Entering the era of private space travel, one would think that even though the rest of us may not yet be able to launch into orbit, at the very least, we could make our lives easier through instant search among Terabytes of up-to-date corporate data. from any place we can visit on this planet. The good news is that with corporate search software and a search index, we can make Earth even more habitable while waiting for our own spacecraft.
Now you can look at the stars and ask yourself: what is a search index? A search index is not like the type of index you find at the end of a big book. Instead, it’s just an internal tool to store every unique word and every unique number in a business dataset, along with the locations of all words and numbers in the data. The sole purpose of the search index is for the search engine to perform an exhaustive search on everything, processing as many search requests as there are at any given time.
For this specific example, each search index can contain up to one terabyte, and there is no limit on the number of terabyte-sized indexes that the search engine can create and cover simultaneously for simultaneous search requests. Supported data types include Microsoft Office files, PDFs, compressed archives like ZIP or RAR, emails and attachments, databases, web formats, etc. And putting it all on the index couldn’t be easier.
To index, simply point to folders, emails, etc. that you want to cover, and the search engine will do the rest. You don’t even have to tell the software what kind of data it’s indexing. In fact, the search engine can determine for itself whether an item is a PowerPoint file versus a OneNote file versus an email by looking at inside each binary file (in this article I am using specific examples from dtSearch although concepts like a search index have general applicability.)
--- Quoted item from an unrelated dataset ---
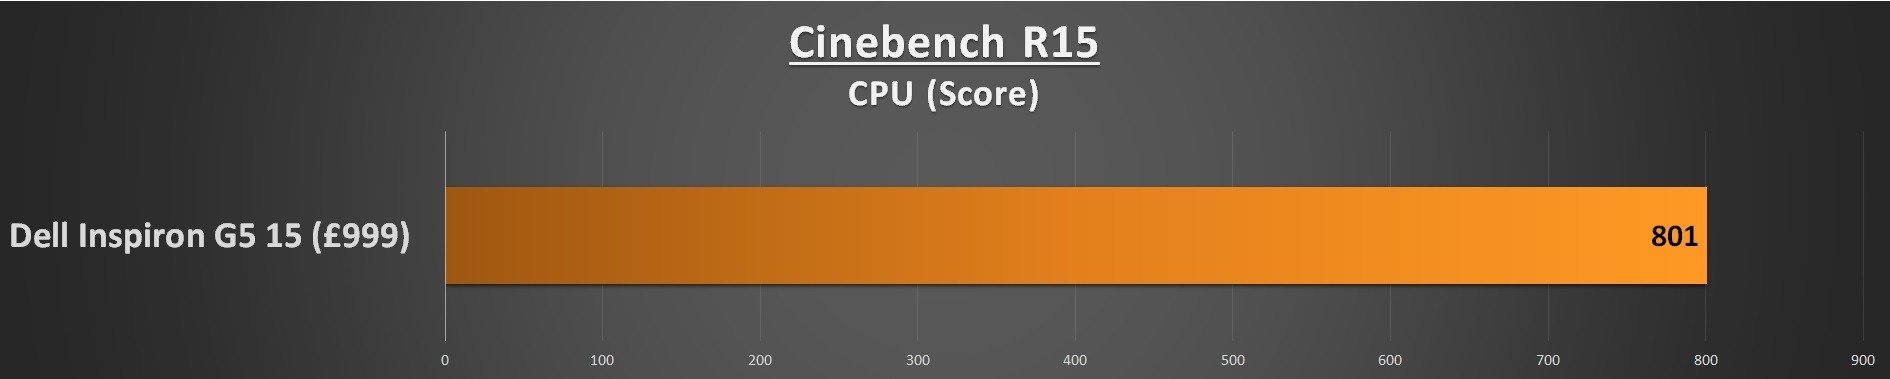 Dell Inspiron G5 15 Performance - Cinebench R15 CPU

Because the search engine looks inside each binary file to determine the file type, it doesn’t matter if a file has the wrong file extension. You can save Access database with Excel file extension and PDF saved with Word extension, and search engine sorts it all. If you have files nested within other files, the search engine will find that out as well. Email with ZIP attachment containing Word document with fully integrated Excel spreadsheet is no problem.
After indexing, the search engine can run from a secure online environment such as a Windows IIS web server. The server can be “on-premises” or in the cloud like on Azure or AWS, allowing search from any device with a site connection and a web browser. For business search, the site will require appropriate security credentials. Once users are logged in, search requests can proceed statelessly, supporting an unlimited number of concurrent instant search threads.
Beyond searching for individual words, the search engine has over 25 different types of features specific to full text or metadata, such as boolean (and / or / not), phrase, proximity (before or after) , directed proximity (forward only), concept / synonym, date or date range, number or numeric range, wildcard, or any combination thereof. The fuzzy search adjustable from 1 to 10 can sift through typographical errors as often occurs in the text of emails or in OCR-processed PDFs. The search engine can even identify any credit card number in the text.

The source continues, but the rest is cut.